● What the task requires
Beginning with the line that holds "Vase en verre de Sabino", copy each line to the end of the records exactly, except the pictures.

● Given records
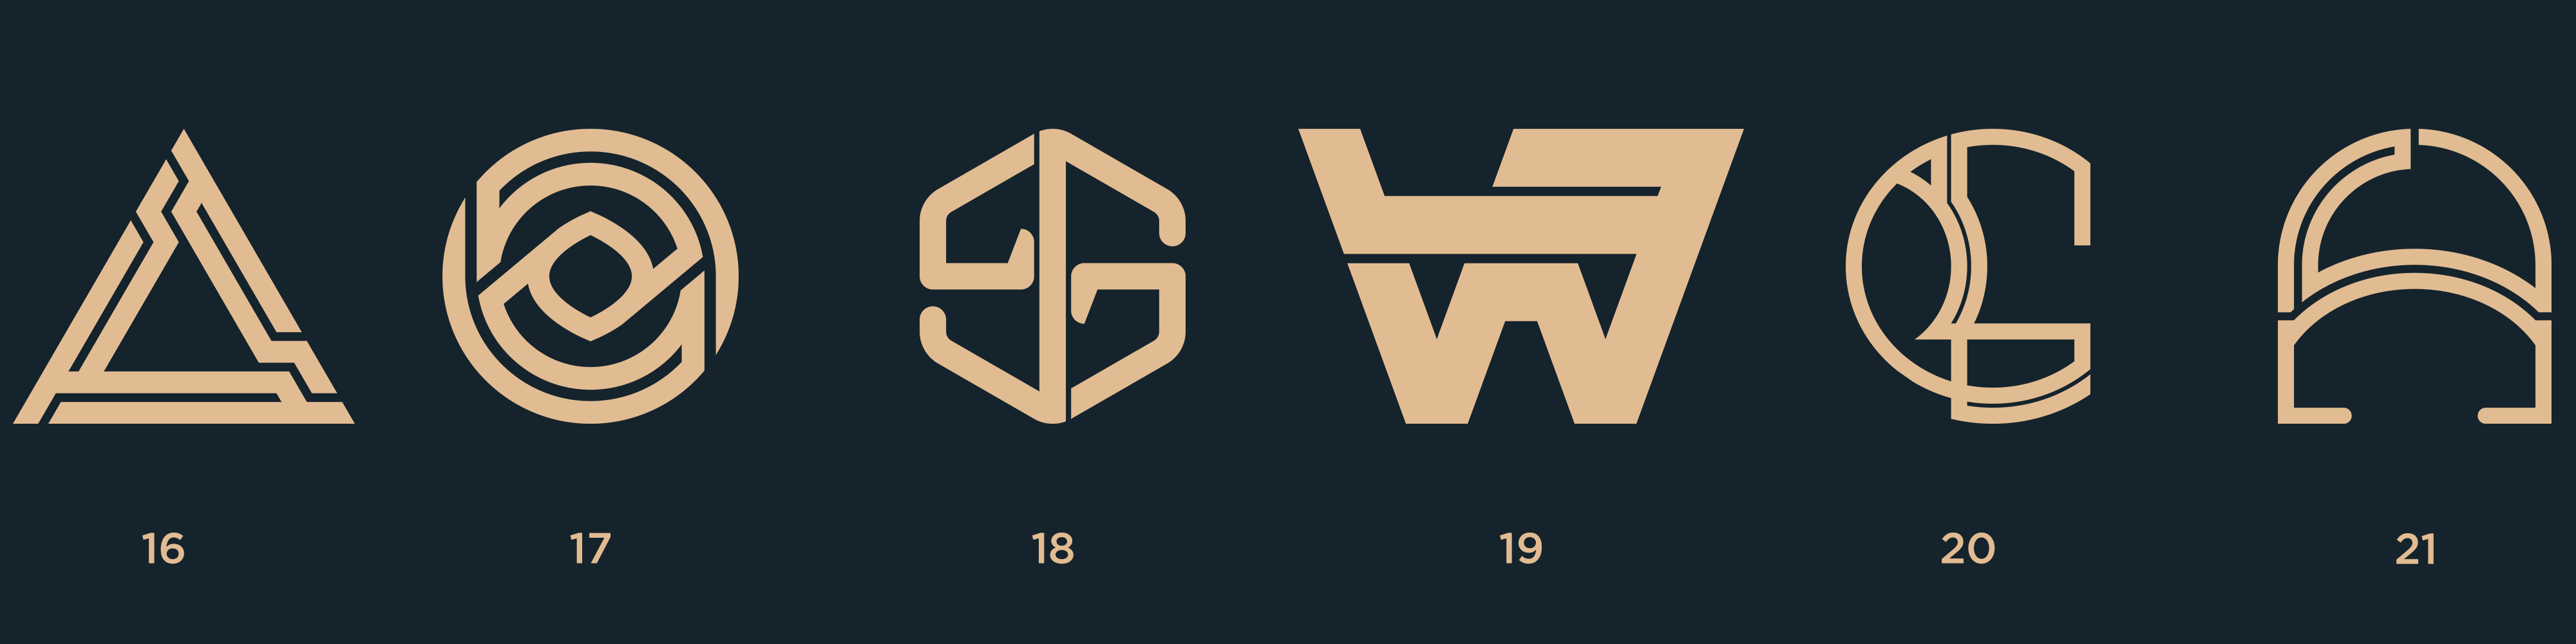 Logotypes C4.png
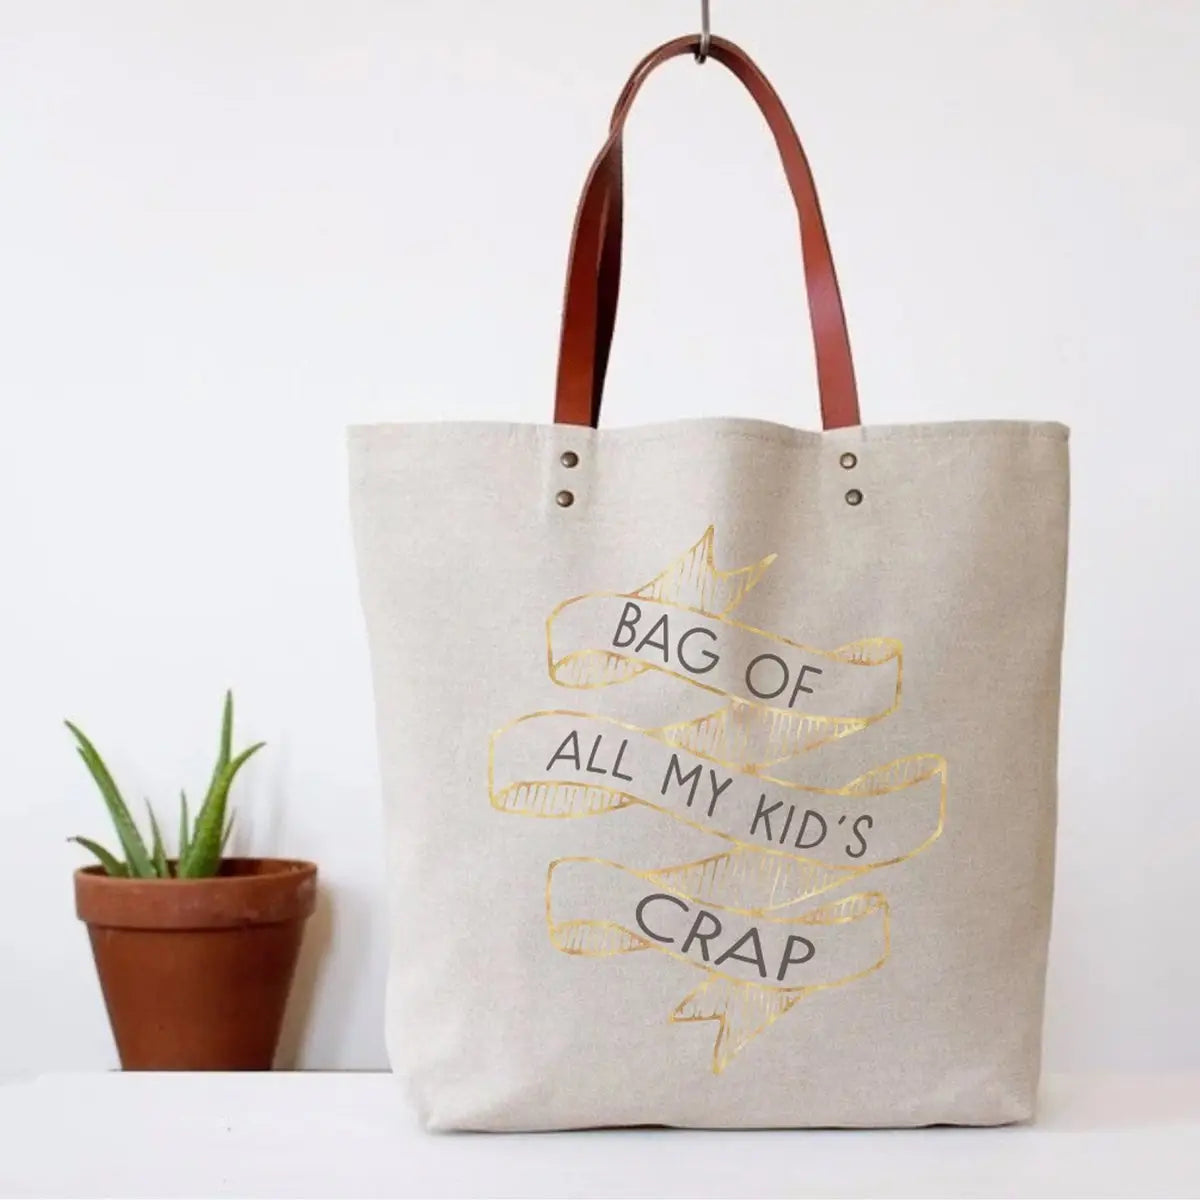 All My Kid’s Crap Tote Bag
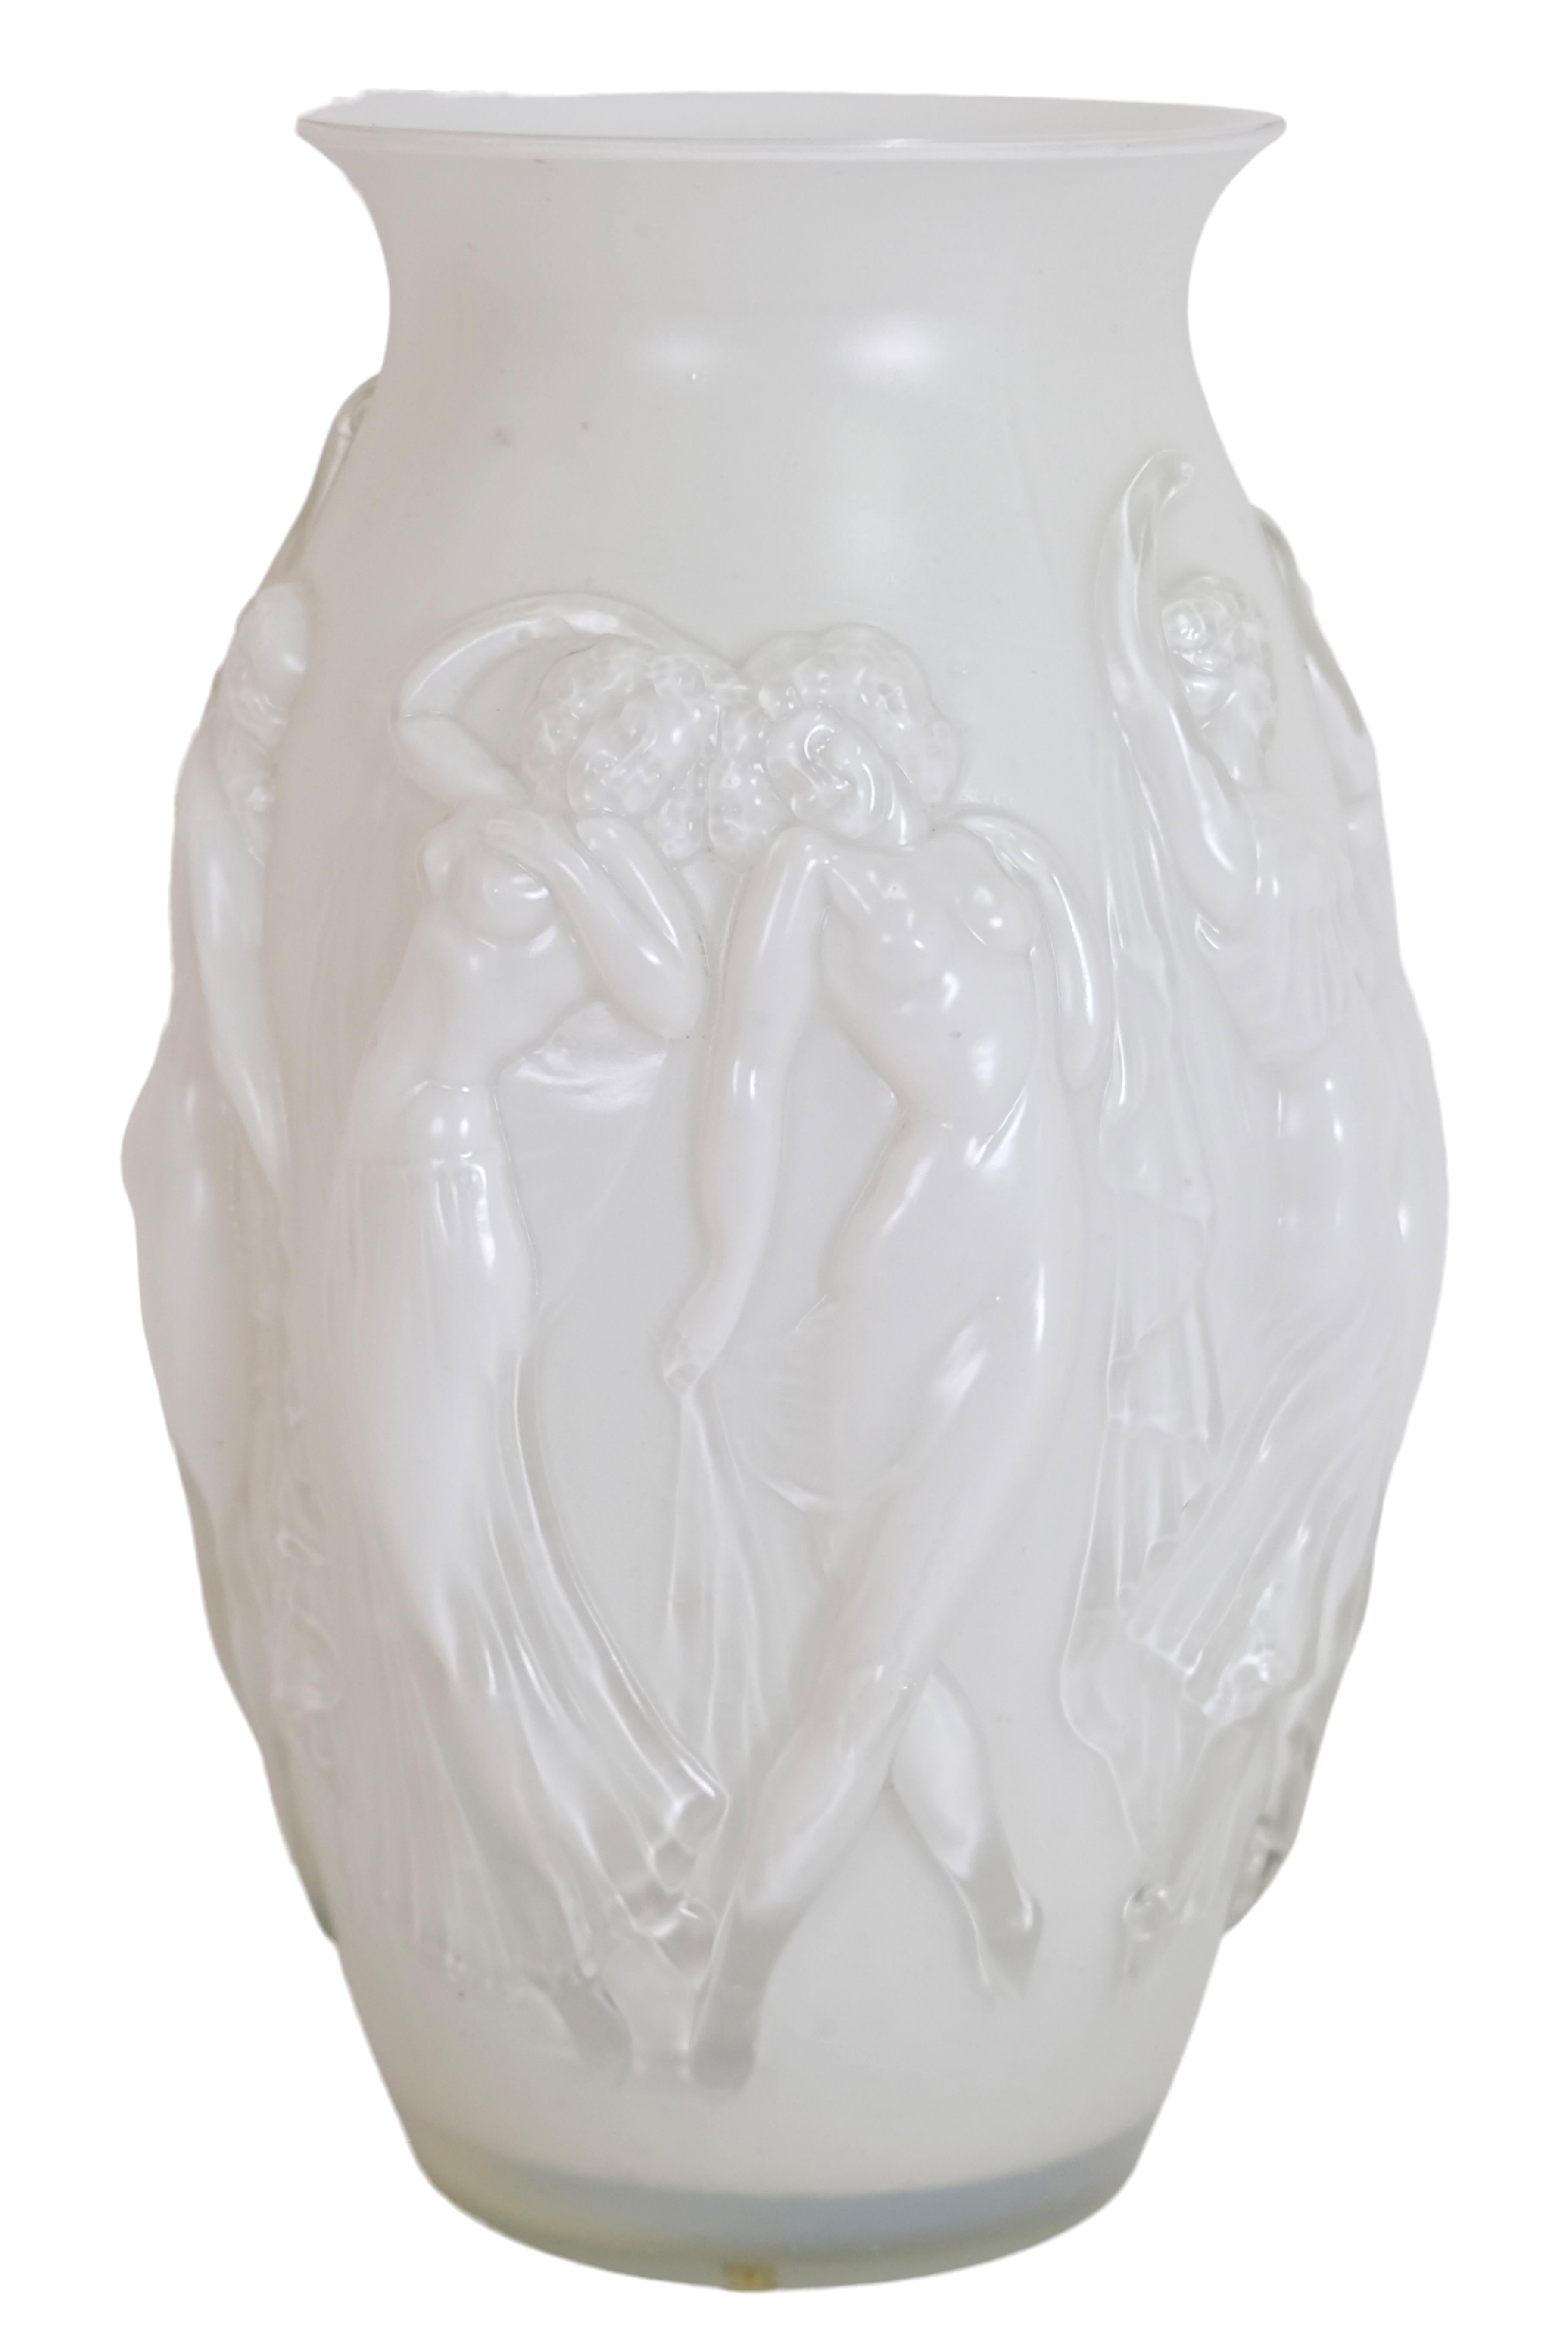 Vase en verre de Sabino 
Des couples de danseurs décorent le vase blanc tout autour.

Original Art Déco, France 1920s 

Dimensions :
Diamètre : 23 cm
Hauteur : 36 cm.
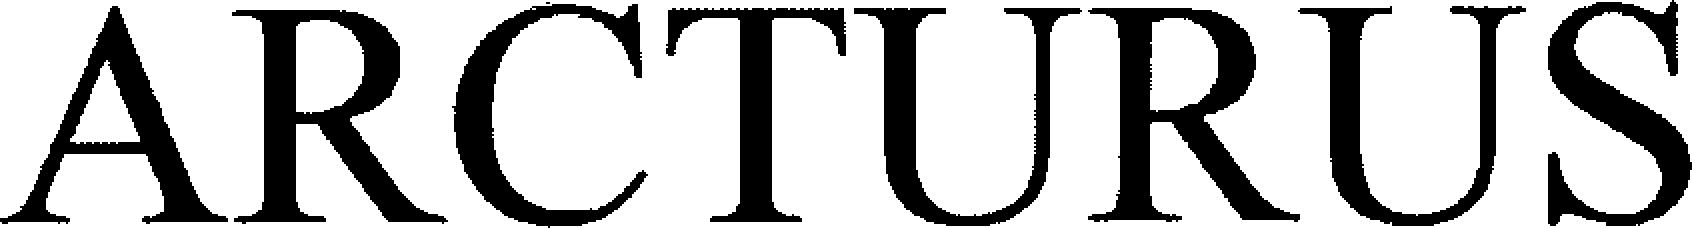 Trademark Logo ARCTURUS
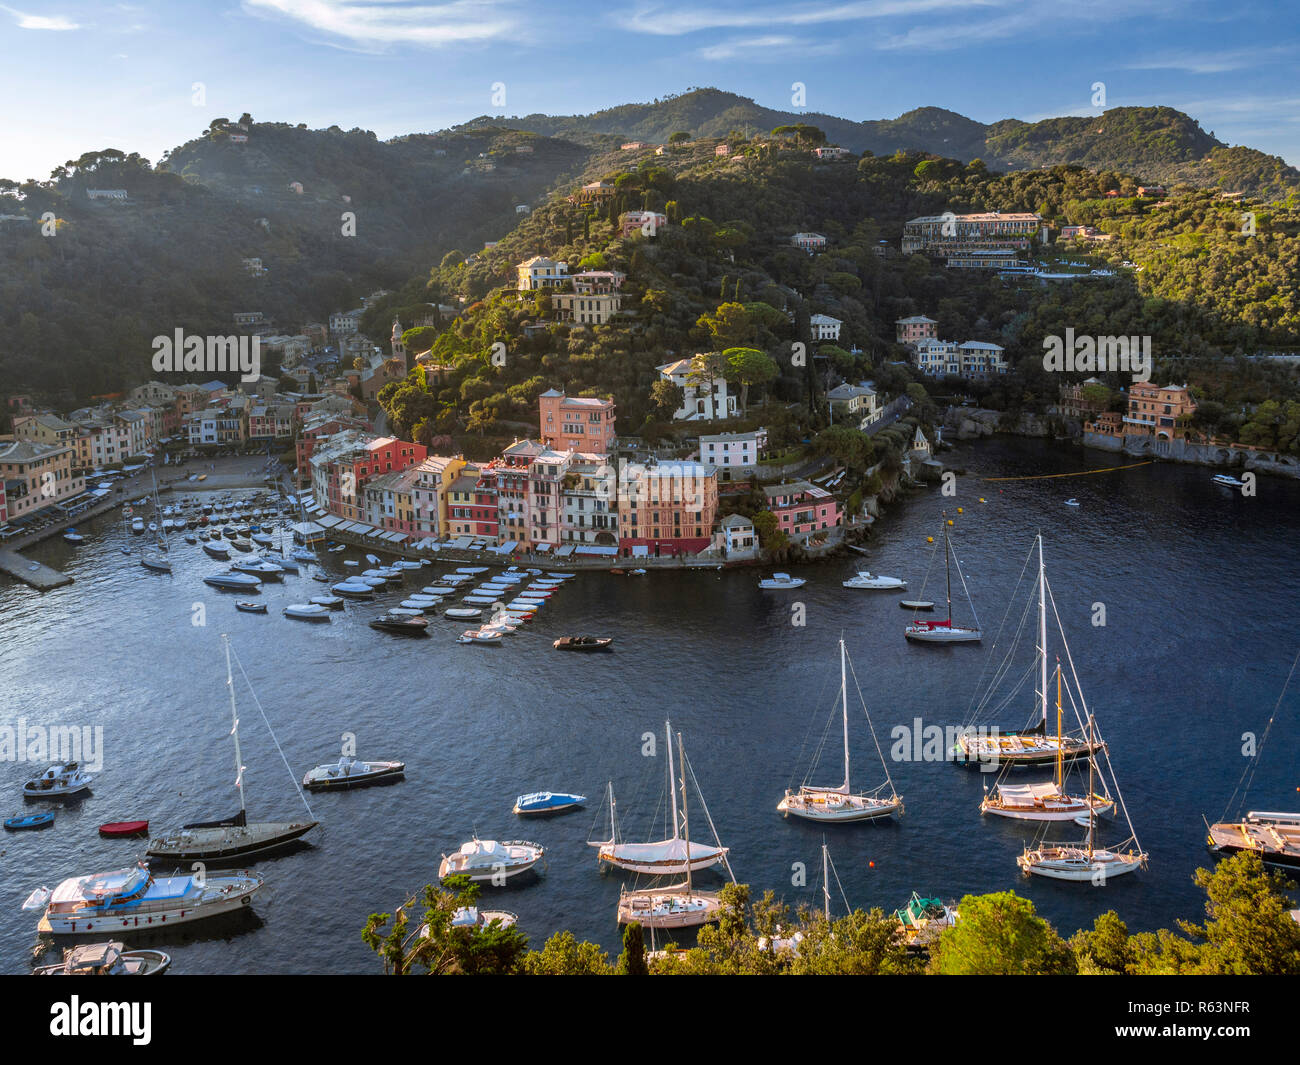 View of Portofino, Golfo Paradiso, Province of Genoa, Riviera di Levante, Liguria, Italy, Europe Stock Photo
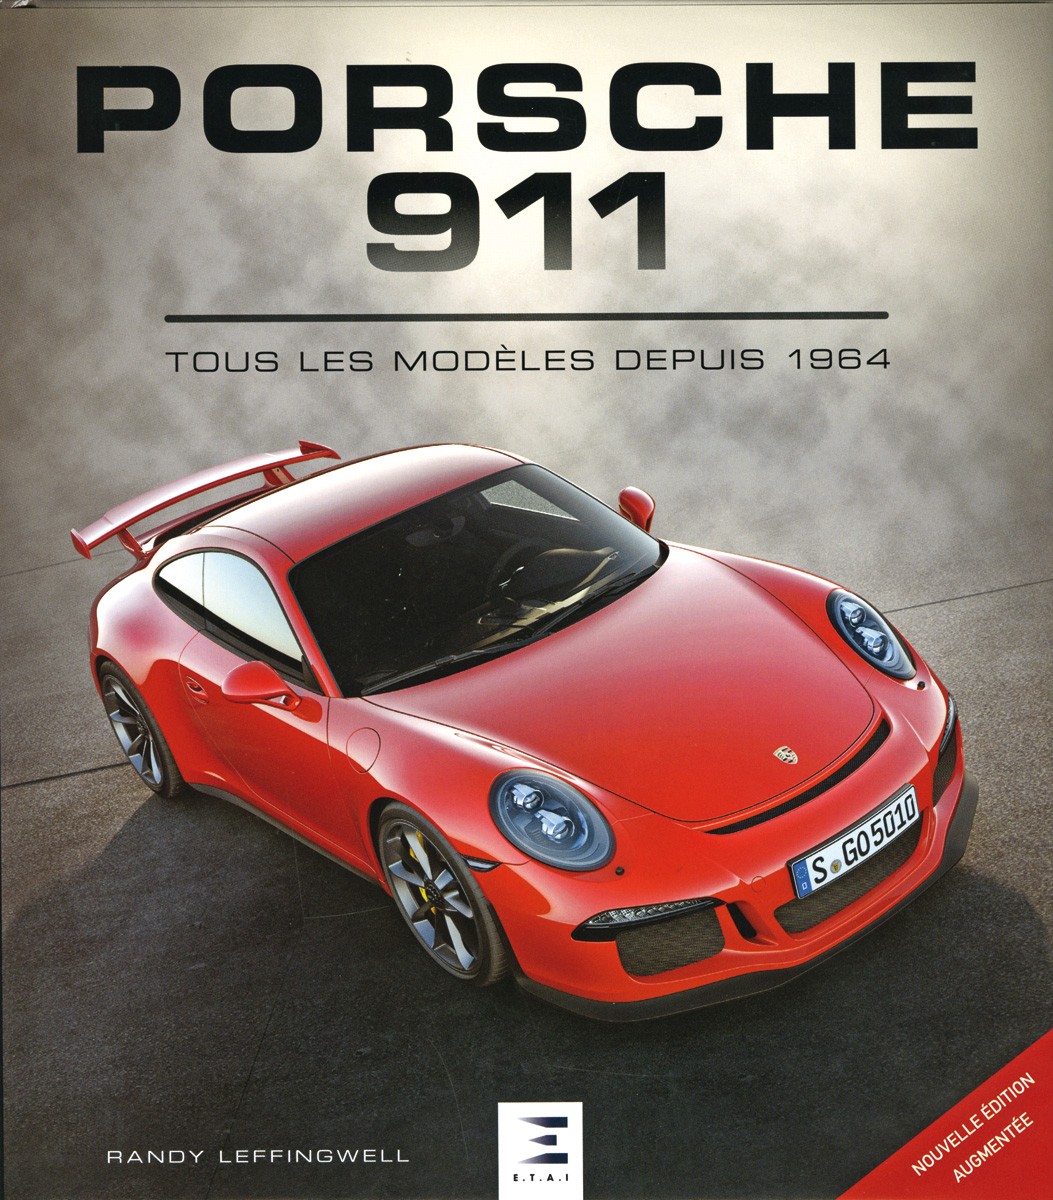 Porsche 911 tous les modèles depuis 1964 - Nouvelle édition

● Reply to the task
 Vase en verre de Sabino 
Des couples de danseurs décorent le vase blanc tout autour.

Original Art Déco, France 1920s 

Dimensions :
Diamètre : 23 cm
Hauteur : 36 cm.
 Trademark Logo ARCTURUS
 View of Portofino, Golfo Paradiso, Province of Genoa, Riviera di Levante, Liguria, Italy, Europe Stock Photo
 Porsche 911 tous les modèles depuis 1964 - Nouvelle édition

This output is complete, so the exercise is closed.